Marcin Held mimo początkowych problemów poradził sobie z Diego Brandao. Polak wygrał jednogłośnie na punkty.
Brandao od razu zaczął miotać ciosami. Zwłaszcza prawym overhandem. Wyskoczył z latającym kolanem, które zostało od razu przechwycone. Held zanotował obalenie. Walka wróciła do stójki. Polak został trafiony i padł na matę, ale jego świadomość wróciła dość szybka. Szukał nogi do skrętówki, ale przeciwnik odpowiadał mocnymi ciosami z góry. Pojedynek znów trafił do stójki. Reprezentant Ankosu poszedł po sprowadzenie.

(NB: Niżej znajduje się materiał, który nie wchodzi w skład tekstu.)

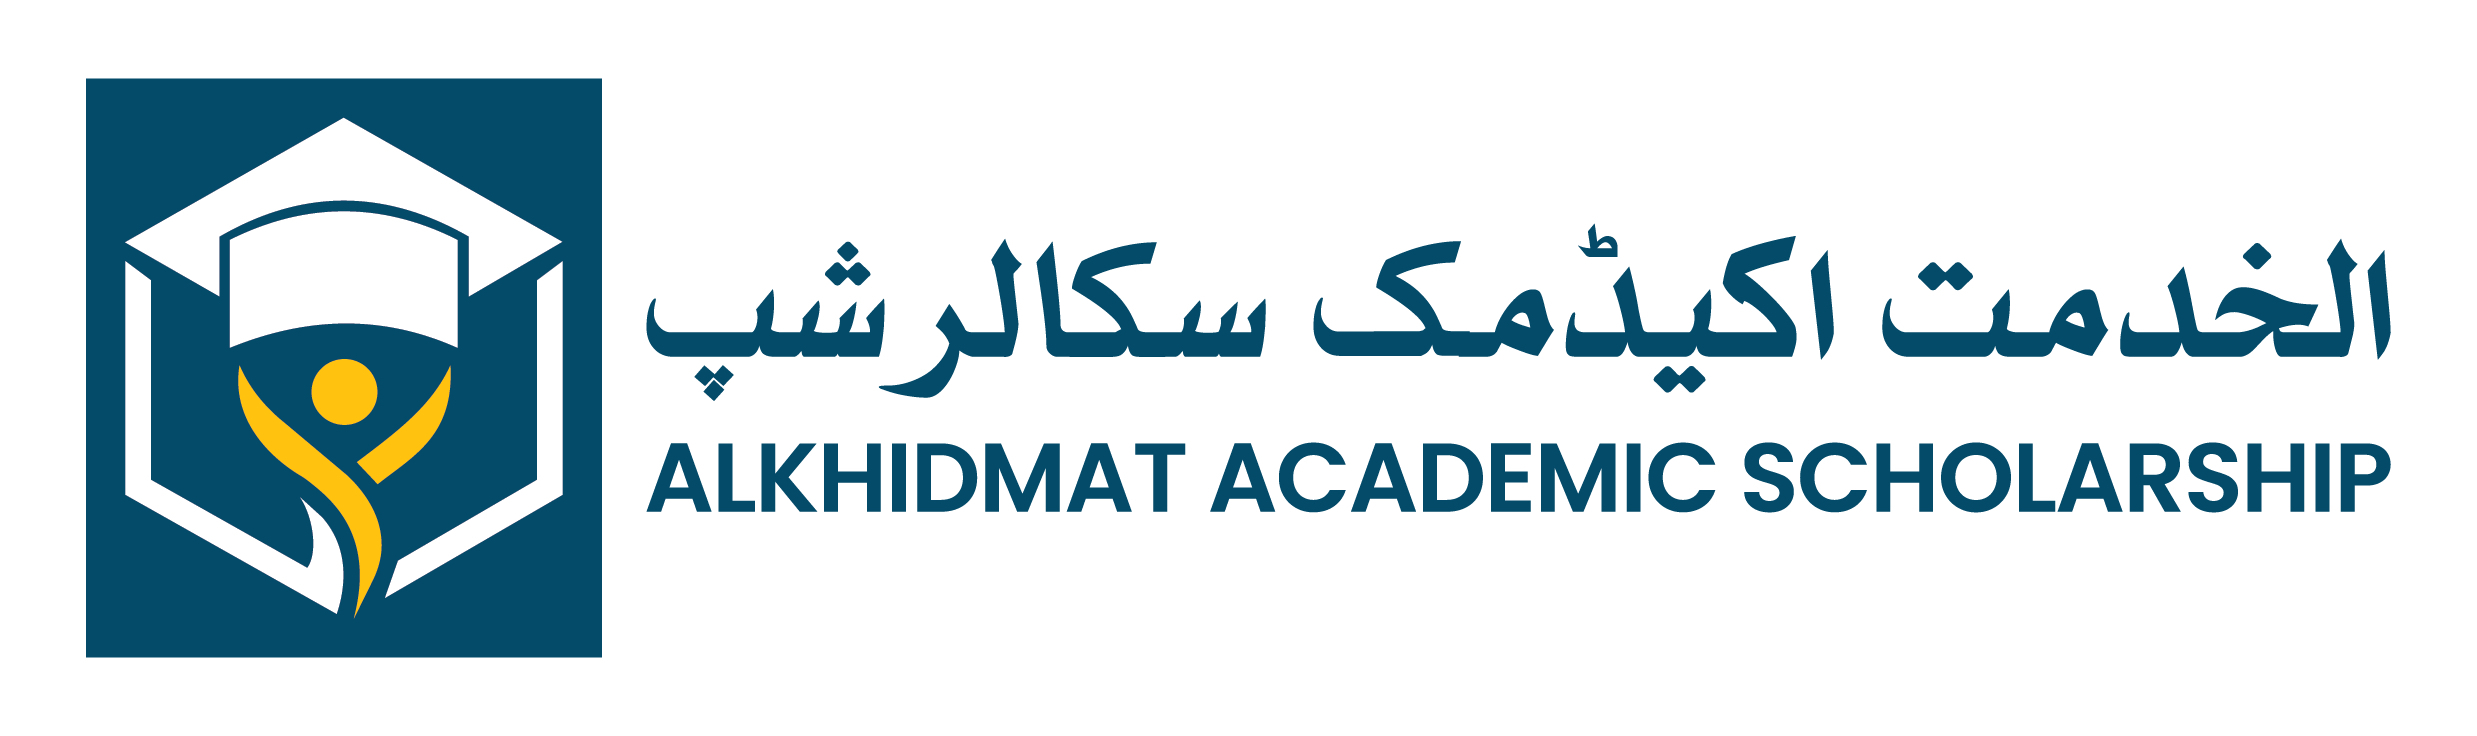 Alkhidmat Academic Scholarship Logo
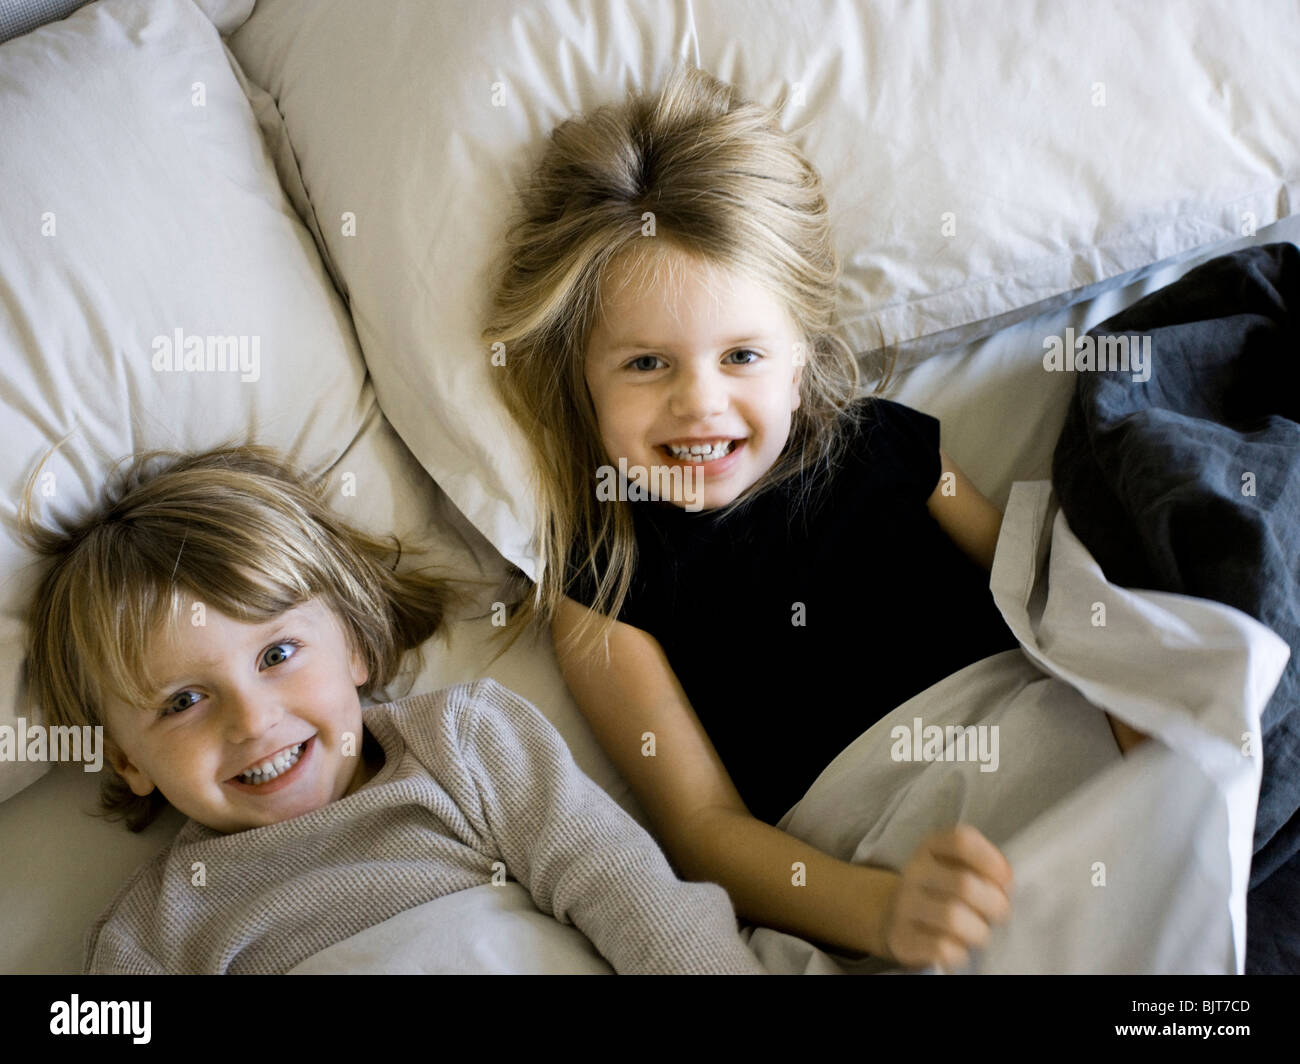 Stati Uniti d'America, Utah, Provo, Ritratto di fratello e sorella (2-5) giacente nel letto Foto Stock

Po przerwie Marcin przepuścił pierwszego lewego sierpowego i sprowadził za jedną nogę. Doszedł do półgardy. Ewidentnie szukał dalszego obejścia pozycji. Oponent jednak zapiął pełną gardę. Polak wyprowadzał łokcia za łokciem. Udało mu się doprowadzić do sytuacji, w której zajął plecy. Próbował włożyć rękę pod brodę rywala. Ten się wyswobodził. Do końca rundy było pasywnie w parterze.
W ostatniej odsłonie Diego został obalony jeszcze łatwiej. Przeciwnik miał pozycję z góry. Zadawał ciosy. Brandao był bezbronny. Inkasował akcje bez odpowiedzi. Marcin chciał obejść pozycję. Prawie zaszedł za plecy, lecz wybił końcowy gong.